**PROBLEM STATEMENT**. In the entries below, find the line with "YC3017-中国名胜古迹八达岭长城游人登长城旅游高清实拍视频素材" and the line with "Lyst - Michael". Return those two lines and all lines between them, exactly.

Excerpts from a dataset:
________________________
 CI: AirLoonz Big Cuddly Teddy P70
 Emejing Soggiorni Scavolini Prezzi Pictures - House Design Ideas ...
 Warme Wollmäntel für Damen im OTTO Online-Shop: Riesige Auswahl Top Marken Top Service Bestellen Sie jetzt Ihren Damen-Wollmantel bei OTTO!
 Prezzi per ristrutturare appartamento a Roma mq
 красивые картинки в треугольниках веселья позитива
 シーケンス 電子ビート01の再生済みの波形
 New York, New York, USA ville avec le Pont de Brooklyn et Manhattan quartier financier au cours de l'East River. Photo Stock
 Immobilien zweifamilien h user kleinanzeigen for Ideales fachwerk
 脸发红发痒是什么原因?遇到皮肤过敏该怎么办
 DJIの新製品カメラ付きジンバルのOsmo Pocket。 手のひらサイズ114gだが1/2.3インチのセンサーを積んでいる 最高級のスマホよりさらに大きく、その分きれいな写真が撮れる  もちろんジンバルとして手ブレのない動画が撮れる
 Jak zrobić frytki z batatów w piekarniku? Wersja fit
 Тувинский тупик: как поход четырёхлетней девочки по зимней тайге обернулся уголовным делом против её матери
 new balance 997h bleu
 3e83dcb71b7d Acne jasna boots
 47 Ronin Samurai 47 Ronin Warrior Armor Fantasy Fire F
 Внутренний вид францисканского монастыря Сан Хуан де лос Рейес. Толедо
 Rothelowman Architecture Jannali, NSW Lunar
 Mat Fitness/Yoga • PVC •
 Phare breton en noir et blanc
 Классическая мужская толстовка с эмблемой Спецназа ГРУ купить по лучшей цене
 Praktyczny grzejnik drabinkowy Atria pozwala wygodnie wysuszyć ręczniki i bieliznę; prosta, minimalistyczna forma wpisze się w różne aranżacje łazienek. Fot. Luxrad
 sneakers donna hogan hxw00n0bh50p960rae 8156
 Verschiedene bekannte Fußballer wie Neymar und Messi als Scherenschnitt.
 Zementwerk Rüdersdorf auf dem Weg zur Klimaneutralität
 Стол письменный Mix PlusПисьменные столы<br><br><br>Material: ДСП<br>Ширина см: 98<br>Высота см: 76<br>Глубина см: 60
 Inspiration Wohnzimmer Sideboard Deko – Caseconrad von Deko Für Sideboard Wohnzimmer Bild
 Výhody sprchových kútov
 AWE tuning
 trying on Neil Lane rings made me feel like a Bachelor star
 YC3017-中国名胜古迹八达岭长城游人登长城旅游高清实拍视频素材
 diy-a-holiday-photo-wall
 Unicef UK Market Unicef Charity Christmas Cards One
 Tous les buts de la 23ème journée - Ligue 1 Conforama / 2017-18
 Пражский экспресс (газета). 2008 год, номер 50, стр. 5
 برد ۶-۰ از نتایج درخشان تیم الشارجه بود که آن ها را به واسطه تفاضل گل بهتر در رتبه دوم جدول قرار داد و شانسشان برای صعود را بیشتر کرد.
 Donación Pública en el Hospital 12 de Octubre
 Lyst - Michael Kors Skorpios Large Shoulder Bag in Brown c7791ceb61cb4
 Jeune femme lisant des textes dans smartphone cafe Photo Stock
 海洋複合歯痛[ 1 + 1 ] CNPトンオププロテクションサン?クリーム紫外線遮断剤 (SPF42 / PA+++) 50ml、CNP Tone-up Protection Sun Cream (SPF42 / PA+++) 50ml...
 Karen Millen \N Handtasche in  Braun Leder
________________________
**EXERCISE SOLUTION**.
 YC3017-中国名胜古迹八达岭长城游人登长城旅游高清实拍视频素材
 diy-a-holiday-photo-wall
 Unicef UK Market Unicef Charity Christmas Cards One
 Tous les buts de la 23ème journée - Ligue 1 Conforama / 2017-18
 Пражский экспресс (газета). 2008 год, номер 50, стр. 5
 برد ۶-۰ از نتایج درخشان تیم الشارجه بود که آن ها را به واسطه تفاضل گل بهتر در رتبه دوم جدول قرار داد و شانسشان برای صعود را بیشتر کرد.
 Donación Pública en el Hospital 12 de Octubre
 Lyst - Michael Kors Skorpios Large Shoulder Bag in Brown c7791ceb61cb4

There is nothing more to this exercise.